Позабыв о конвоирах с винтовками, он принялся на ощупь сдирать с головы мешковину. Никто не мешал ему, не кричал сердито. Накрученная вокруг шеи веревка норовила затянуться и едва не душила, но он рвал ее во все стороны, как завязший в паутине комар, еще рвал и еще, драл узлы ногтями и наконец отшвырнул. И мешок отшвырнул – по глазам резануло ярким светом, а звонкие голоса зазвучали громче.
Где? Что?
Посреди пустыни.
Далеко впереди темная полоса – поезд. Вокруг муравьиная стая – люди.
“Гирлянда”.
Не в силах больше сидеть на арбе, Деев спрыгнул и побежал. Оставляя позади Загрейку на повозке и конвоиров, едва ли быстрее самой повозки – побежал.
До “гирлянды” была еще добрая пара верст, но уже виднелась возле нее отчетливо белая россыпь – дети в рубашках. Деев перебирал ногами, едва отрывая башмаки от земли и не разгибая колен, – экономил силы. Силы все равно скоро кончились, но остановиться он уже не мог: тело само бежало вперед как заведенное.

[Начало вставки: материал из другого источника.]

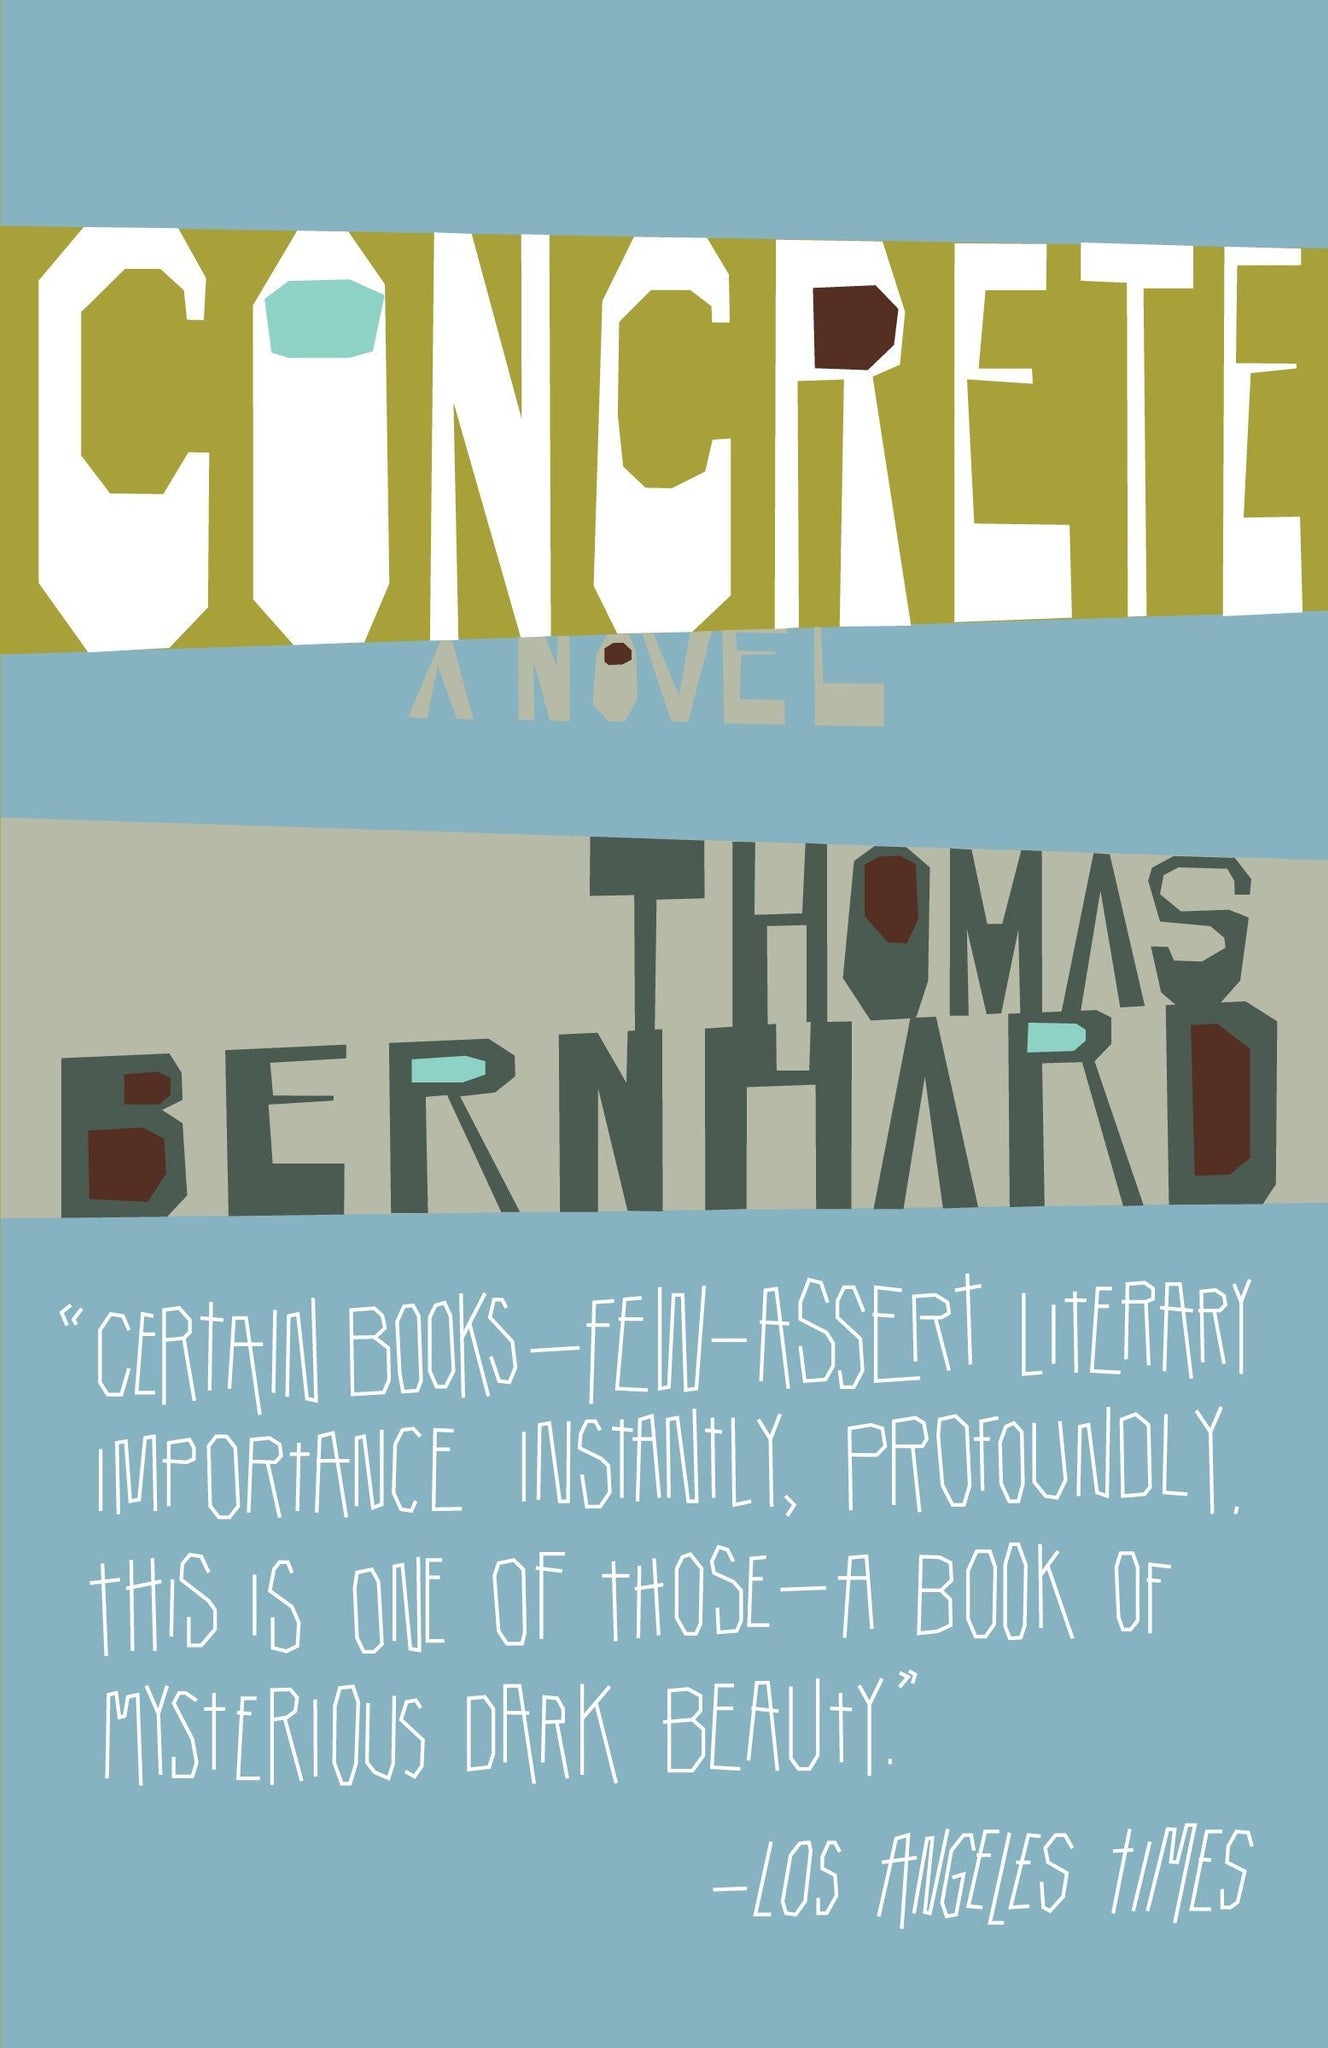 Concrete: A Novel

Задыхался. Спотыкался. Но не падал. Бежал, бежал, пока впереди не раздалось истошное:
– Деев! Де-е-е-е-ев! А-а-а-а-а-а-а-а!
И все белое потекло к нему: все, что было у вагонов, и далеко от вагонов, и внутри вагонов, – сначала медленно, затем быстрее, приближаясь и оглушая:
– Де-е-е-е-е-ев! А-а-а-а-а-а!
И Деев бежал, пока текущий навстречу и ликующий белый поток не врезался в него десятком лиц, и еще десятком, и еще, облепил – руками, ногами, телами, рубахами – и завихрился вокруг, бурля и ширясь и с каждой секундой ревя громче:
– Де-е-е-е-е-ев!
Оглушенный, он тонул в этом водовороте, а со всех сторон говорило, смеялось, шевелилось и звало:
– Де-е-е-е-е-ев!
Мелькали по краю темные фигуры – сестры. Не лезли в поток – потому как перейти его вброд не получится, а надо ждать, пока схлынет, – и кричали ему что-то, и зажимали рты ладонями. Что ли, плакали? Одна фигура покрупнее – дед.
– Де-е-е-е-е-ев!
Гладил и обнимал – руки, лица, плечи, выбритые макушки, какое же все маленькое! – и прижимал к себе, и отпускал, и гладил новые, долго – пока они не отпустили его. Поток поредел и начал растекаться, еще горланя его имя, свистя, хохоча, скача и размахивая руками. И лишь тогда прорвались к нему сестры.
– Славный вы наш, дорогой, хороший человек! – приникли со всех сторон мокрыми щеками, лбами, тощими ключицами – к его к плечам, груди, спине. – Господи! Живой, целый! – плакали, не скрывая слез и размазывая слезы по его бушлату. – Мы ждали, мы знали! Сынок, товарищ, сыночка!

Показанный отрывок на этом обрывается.